This is the mail archive of the
gcc-bugs@gcc.gnu.org
mailing list for the GCC project.
[Bug target/64897] New: Floating-point "and" not optimized on x86-64
- From: "schnetter at gmail dot com" <gcc-bugzilla at gcc dot gnu dot org>
- To: gcc-bugs at gcc dot gnu dot org
- Date: Sun, 01 Feb 2015 19:45:59 +0000
- Subject: [Bug target/64897] New: Floating-point "and" not optimized on x86-64
- Auto-submitted: auto-generated
https://gcc.gnu.org/bugzilla/show_bug.cgi?id=64897
Bug ID: 64897
Summary: Floating-point "and" not optimized on x86-64
Product: gcc
Version: 4.9.2
Status: UNCONFIRMED
Severity: enhancement
Priority: P3
Component: target
Assignee: unassigned at gcc dot gnu.org
Reporter: schnetter at gmail dot com
I notice that gcc does not generate "vandpd" for floating-point "and"
operations.

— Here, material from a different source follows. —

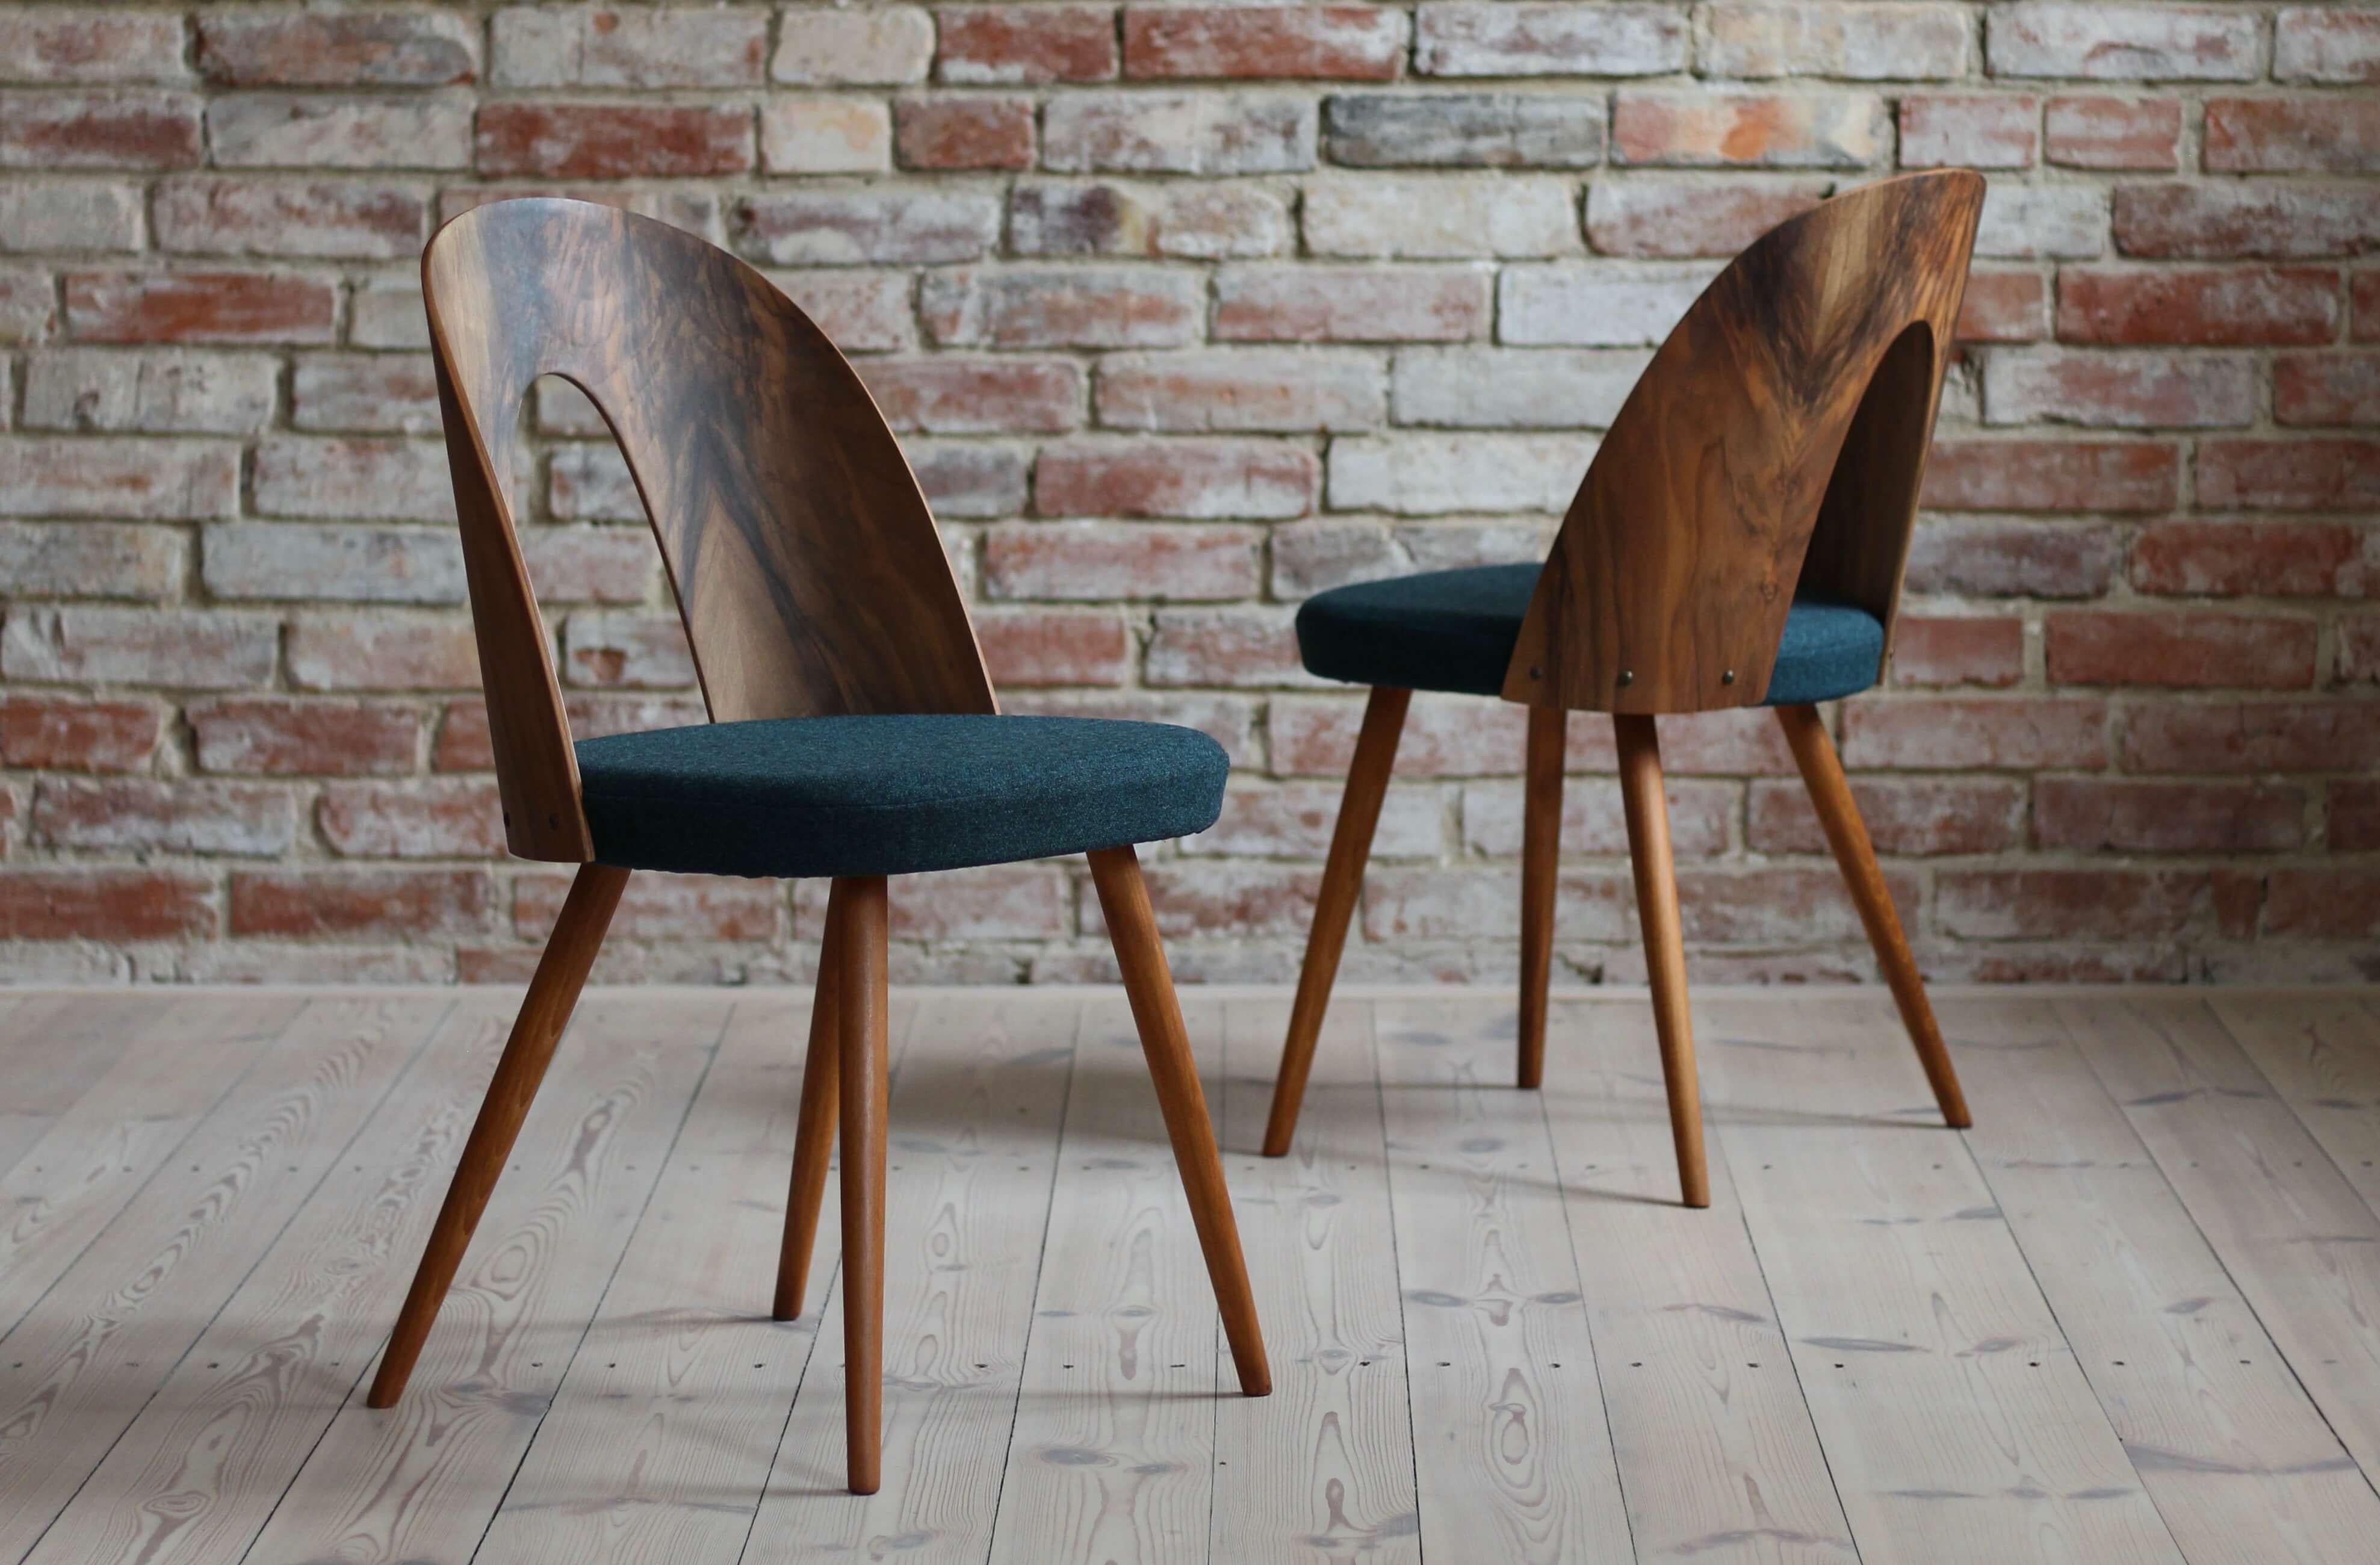 Set of 4 Midcentury Walnut Dining Chairs by A. Šuman, KVADRAT Reupholstery In Good Condition In Wrocław, Poland

Here is an example code that demonstrates this:
{{{
#include <math.h>
#include <string.h>
double fand1(double x)
{
unsigned long ix;
memcpy(&ix, &x, 8);
ix &= 0x7fffffffffffffffUL;
memcpy(&x, &ix, 8);
return x;
}
double fand2(double x)
{
return fabs(x);
}
}}}
When I compile this via:
{{{
gcc-mp-4.9 -O3 -march=native -S fand.c -o fand-gcc-4.9.s
}}}
(OS X, x86-64 CPU, Intel Core i7), this results in:
{{{
_fand1:
movabsq $9223372036854775807, %rax
vmovd %xmm0, %rdx
andq %rdx, %rax
vmovd %rax, %xmm0
ret
_fand2:
vmovsd LC1(%rip), %xmm1
vandpd %xmm1, %xmm0, %xmm0
ret
}}}
This shows that (a) gcc performs the bitwise and operation in an integer
register, which is probably slower, and (b) the implementors of "fabs" assume
that using the "vandpd" instruction is faster.